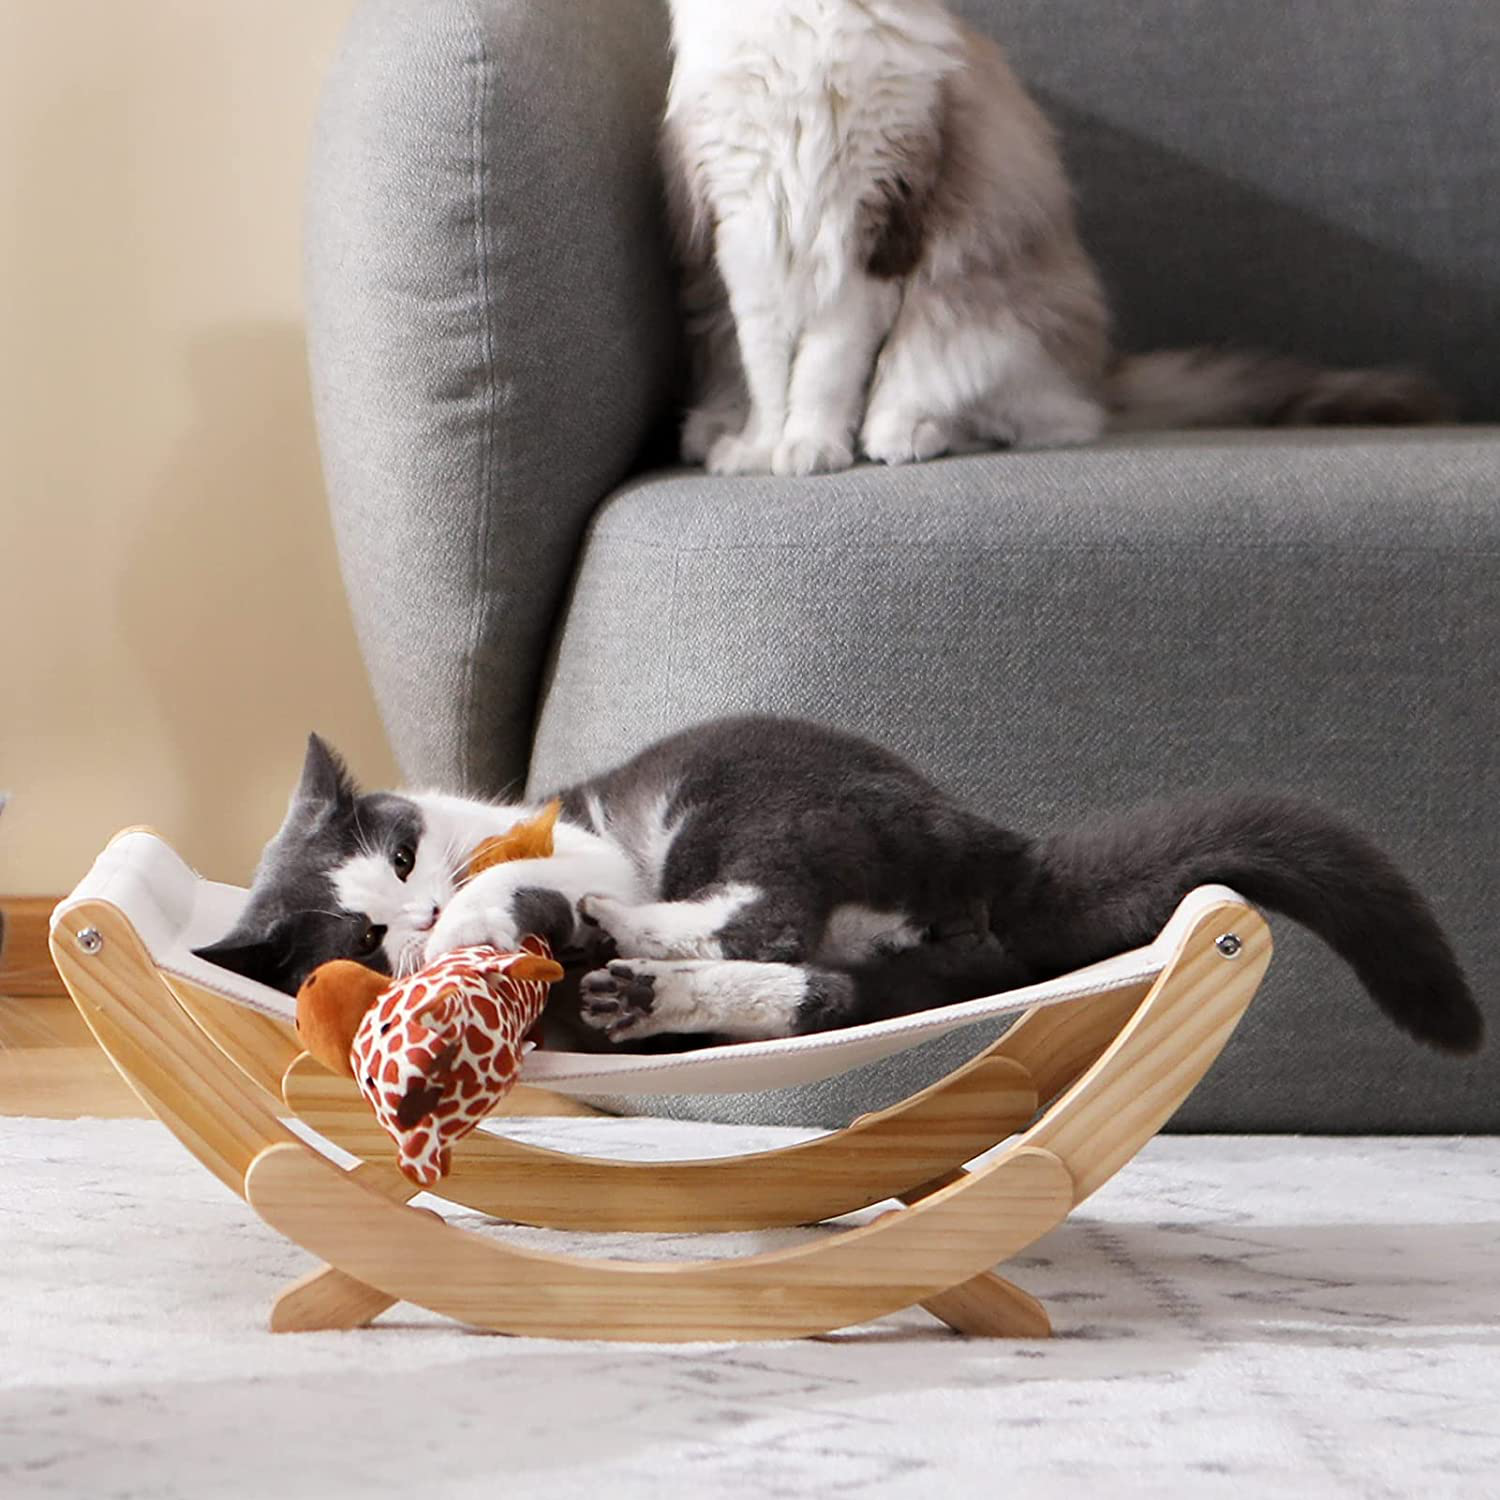 FUKUMARU Cat Hammock - New Moon Cat Swing Chair, Kitty Hammock Bed, Cat Furniture Gift for Your Small to Medium Size Cat or Toy Dog (Upgrade - Beige)
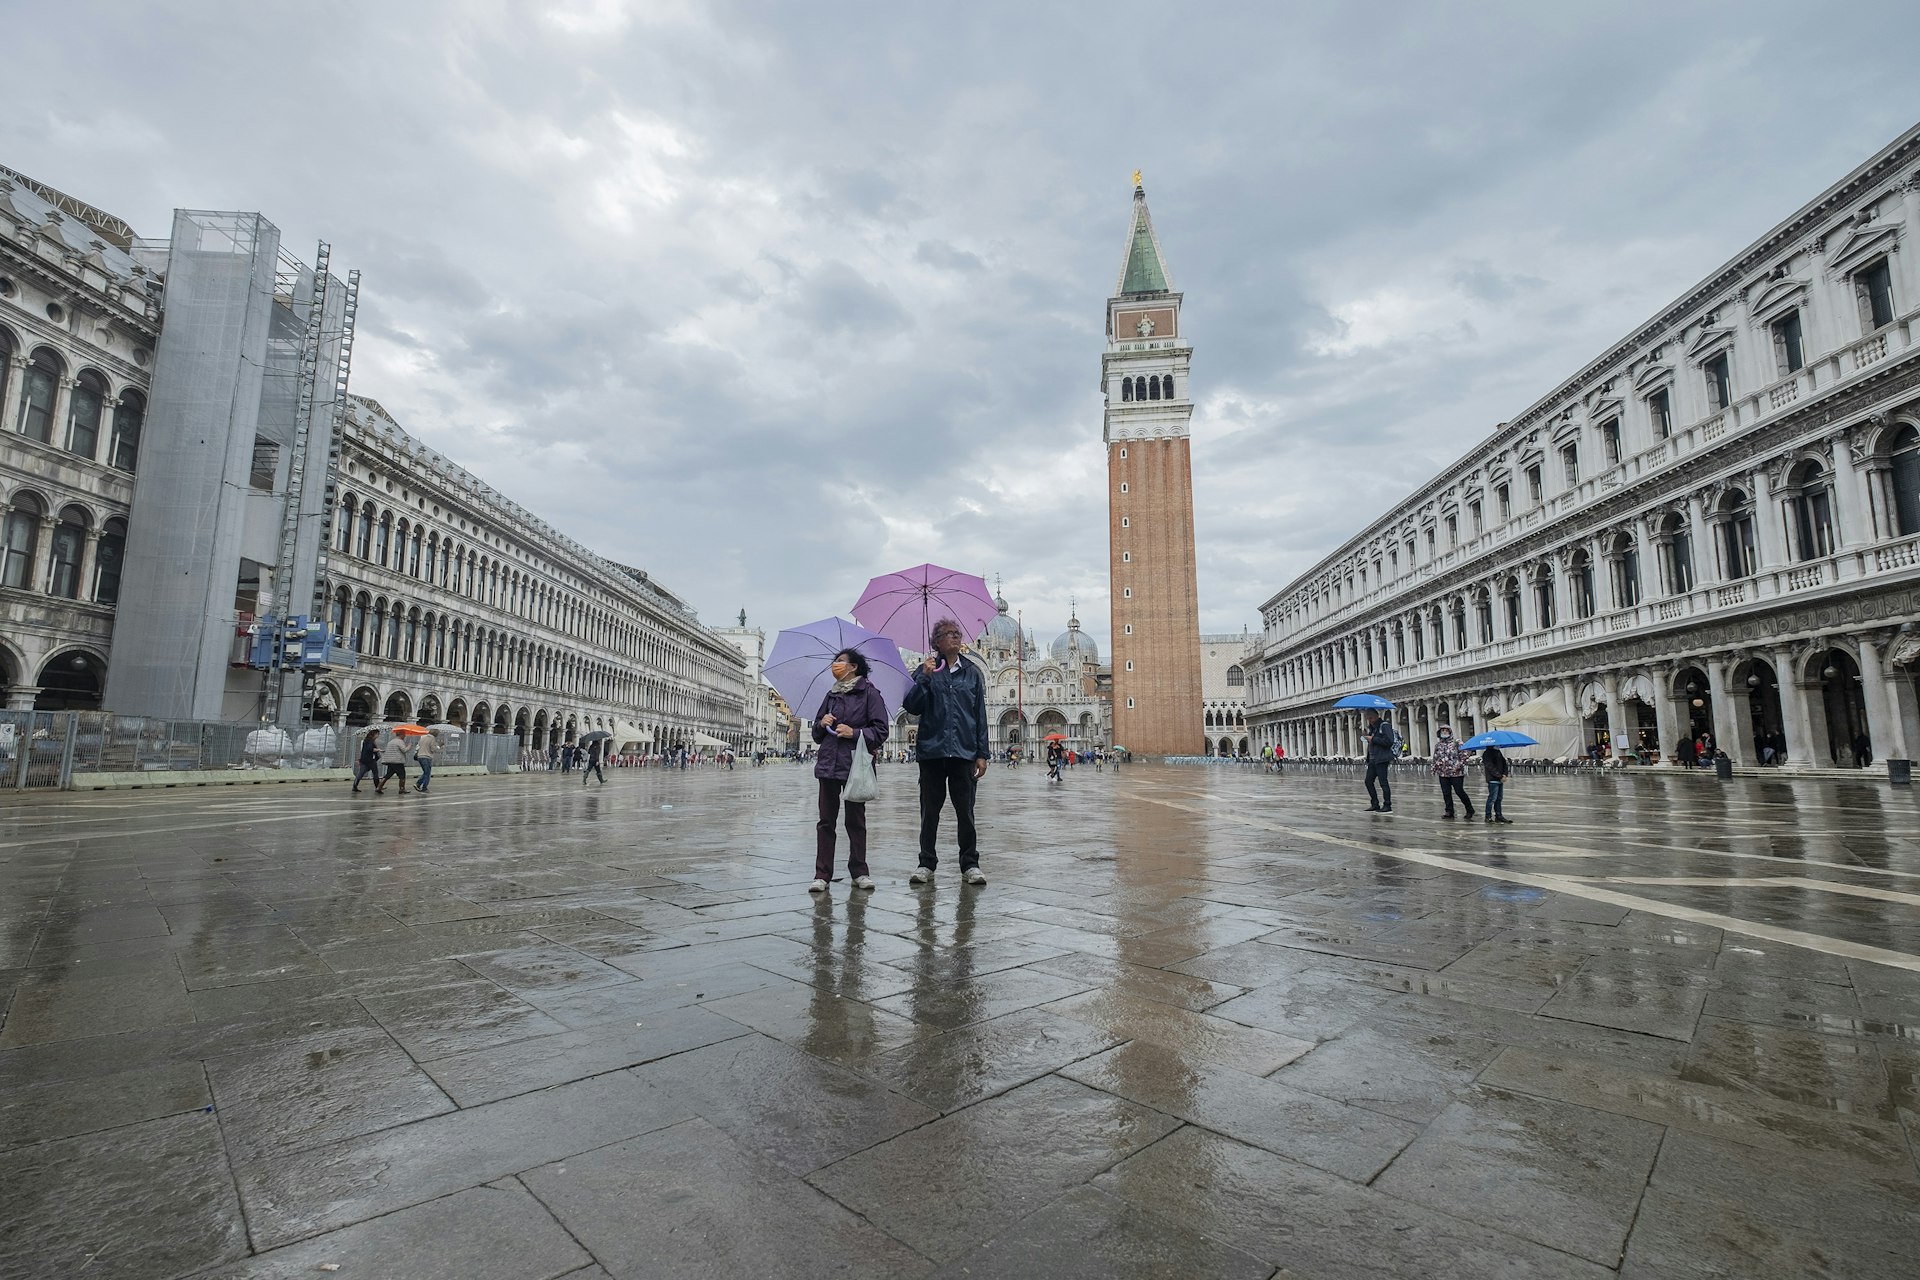 A picture of a dry Saint Mark's Square during high tide
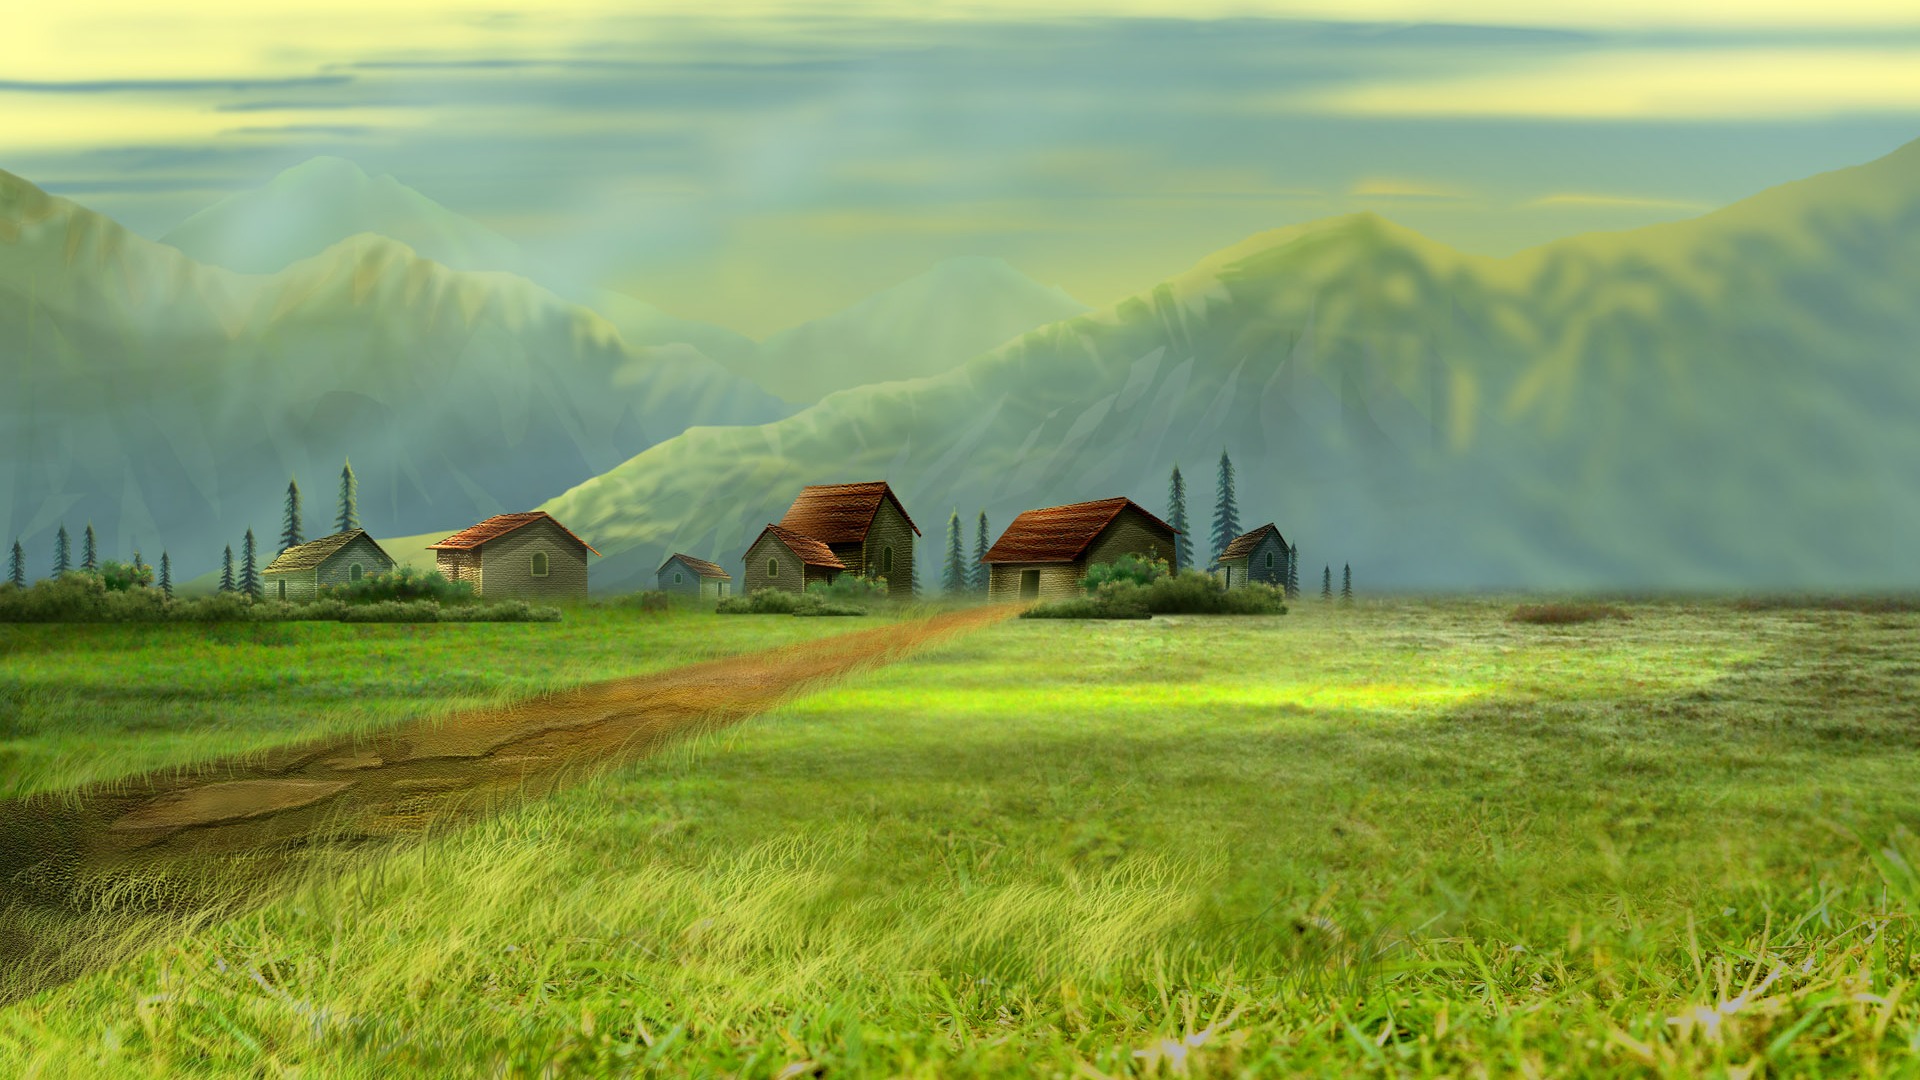 Colorful hand-painted wallpaper landscape ecology (3) #13 - 1920x1080

########################################

* [ABOUT THIS TASK] Would you please transcribe the listing in full, exactly, while omitting the images?

* [EXERCISE OUTPUT]
 FUKUMARU Cat Hammock - New Moon Cat Swing Chair, Kitty Hammock Bed, Cat Furniture Gift for Your Small to Medium Size Cat or Toy Dog (Upgrade - Beige)
 A picture of a dry Saint Mark's Square during high tide
 Colorful hand-painted wallpaper landscape ecology (3) #13 - 1920x1080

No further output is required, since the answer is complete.